| DIRECTIONS FOR THIS TASK |
Transcribe the lines below verbatim, skipping the images.

| STORED DATA |
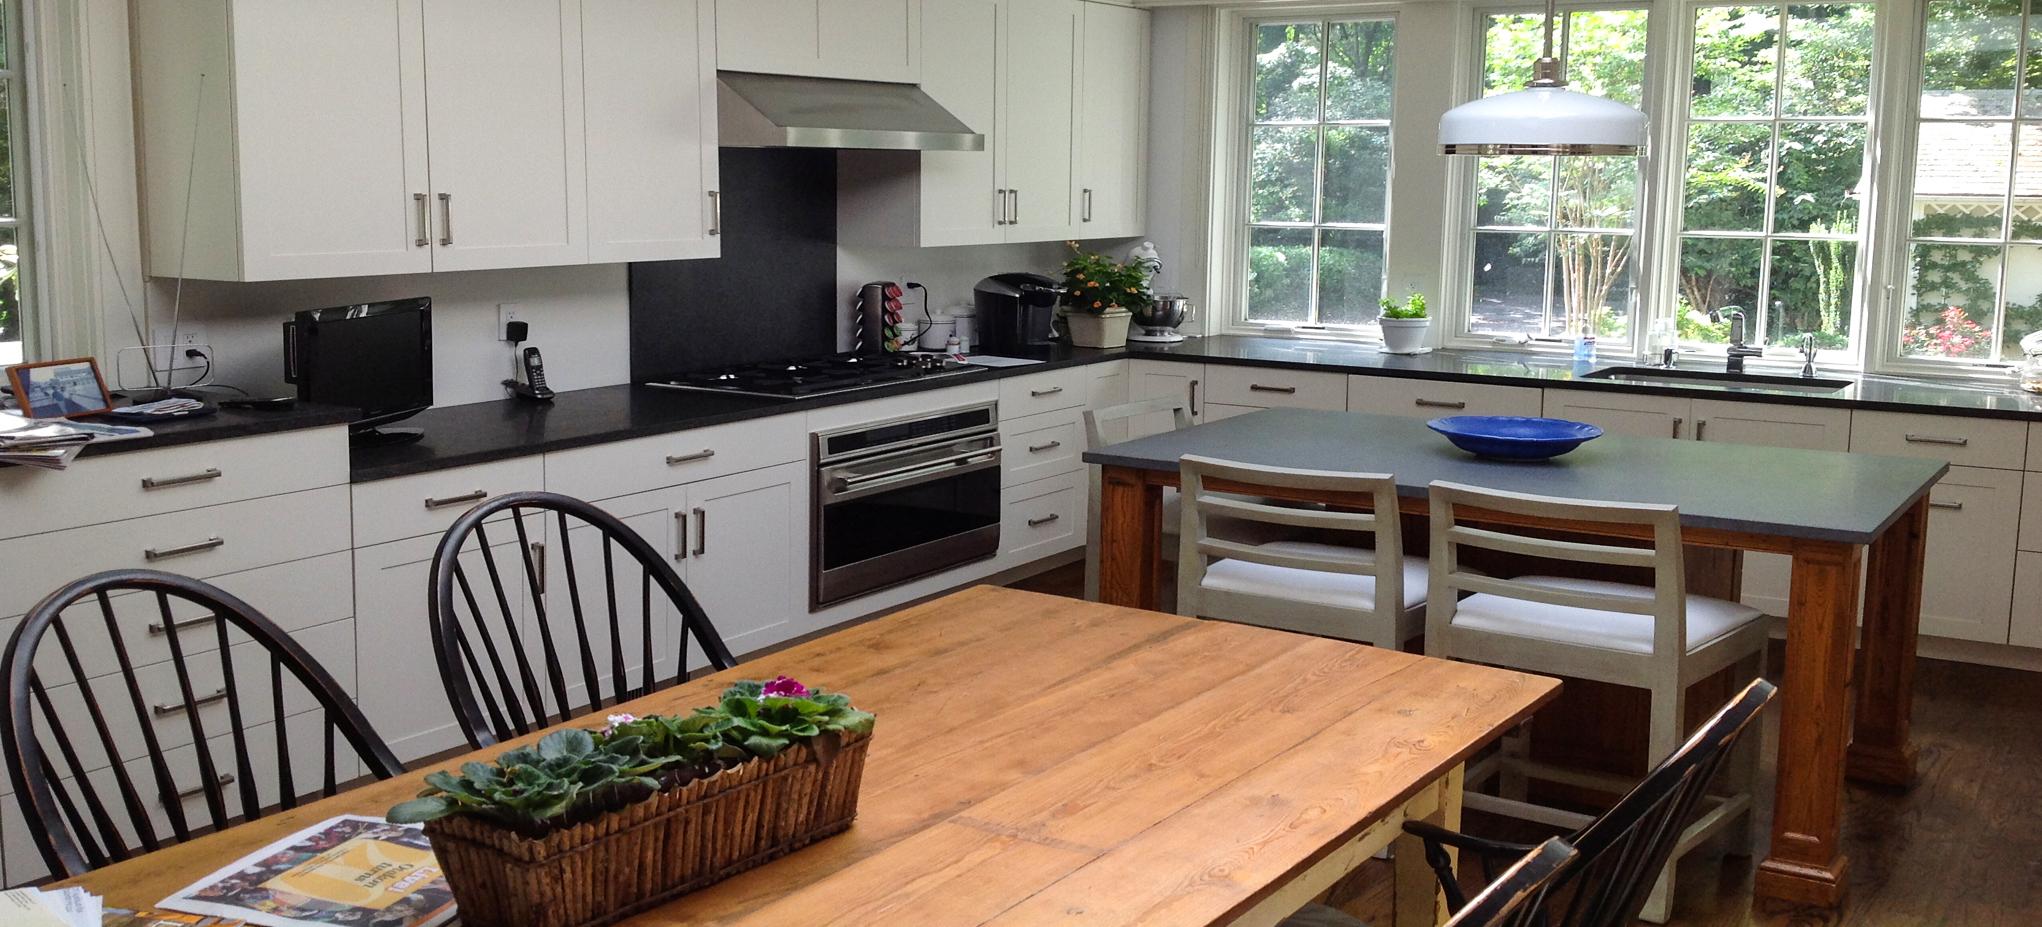 Kitchens legacy restorations for Legacy restoration
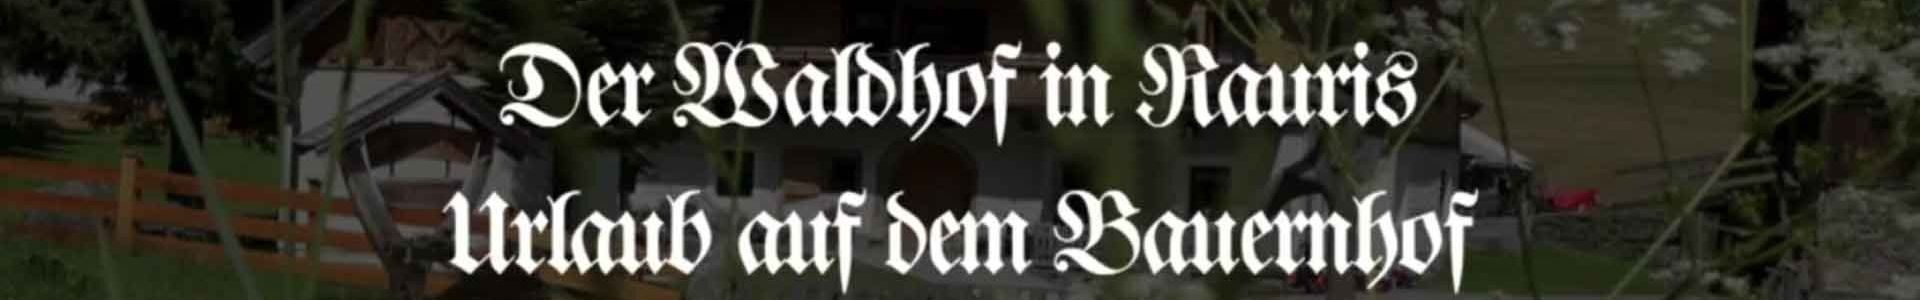 Waldhof Video
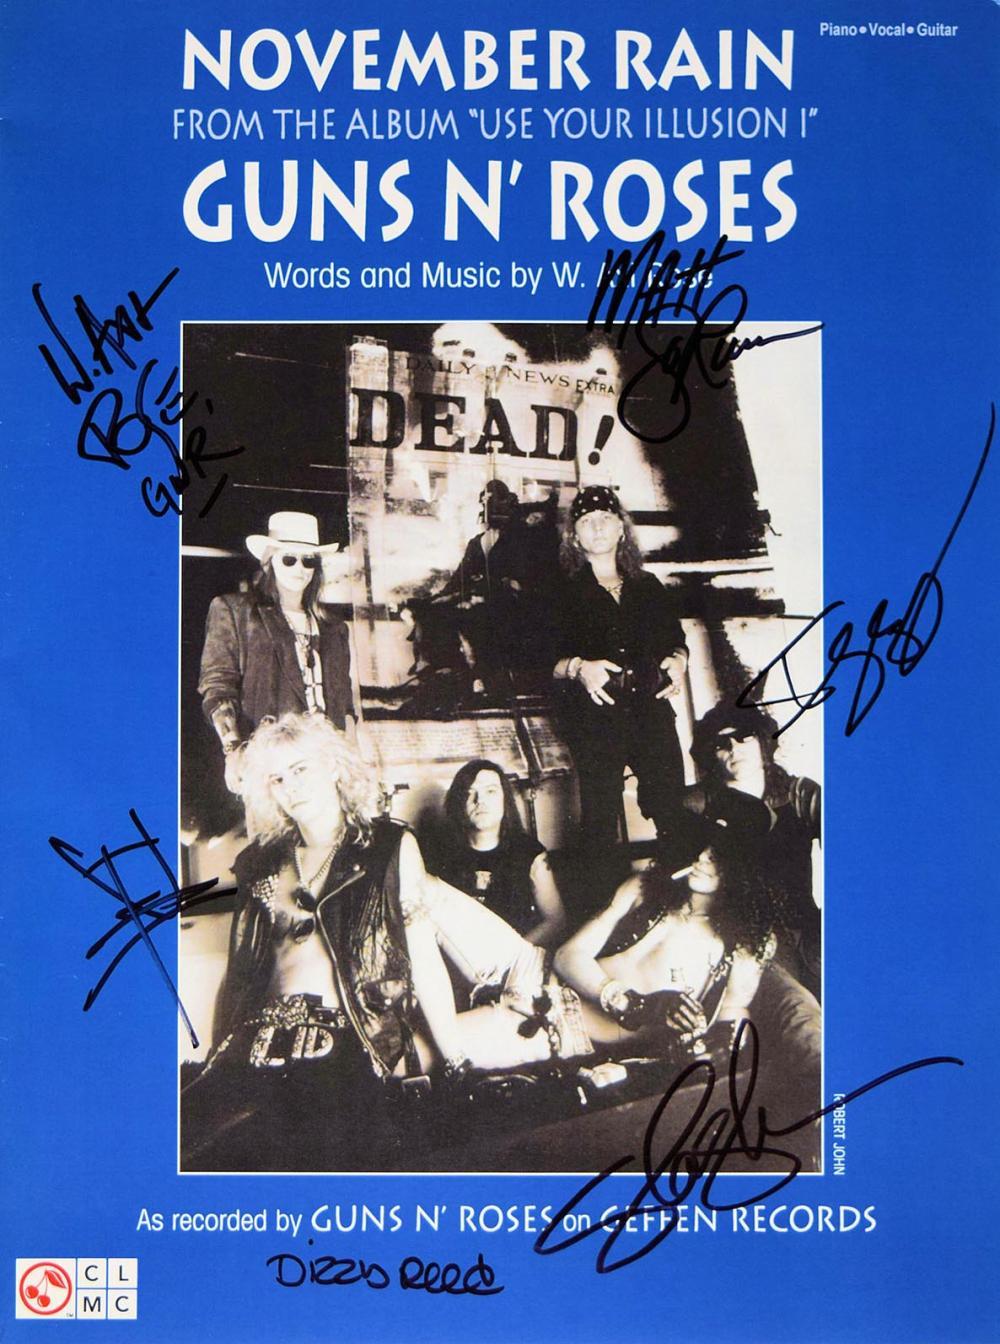 Guns N' Roses signed sheet music

| WRITTEN ANSWER |
 Kitchens legacy restorations for Legacy restoration
 Waldhof Video
 Guns N' Roses signed sheet music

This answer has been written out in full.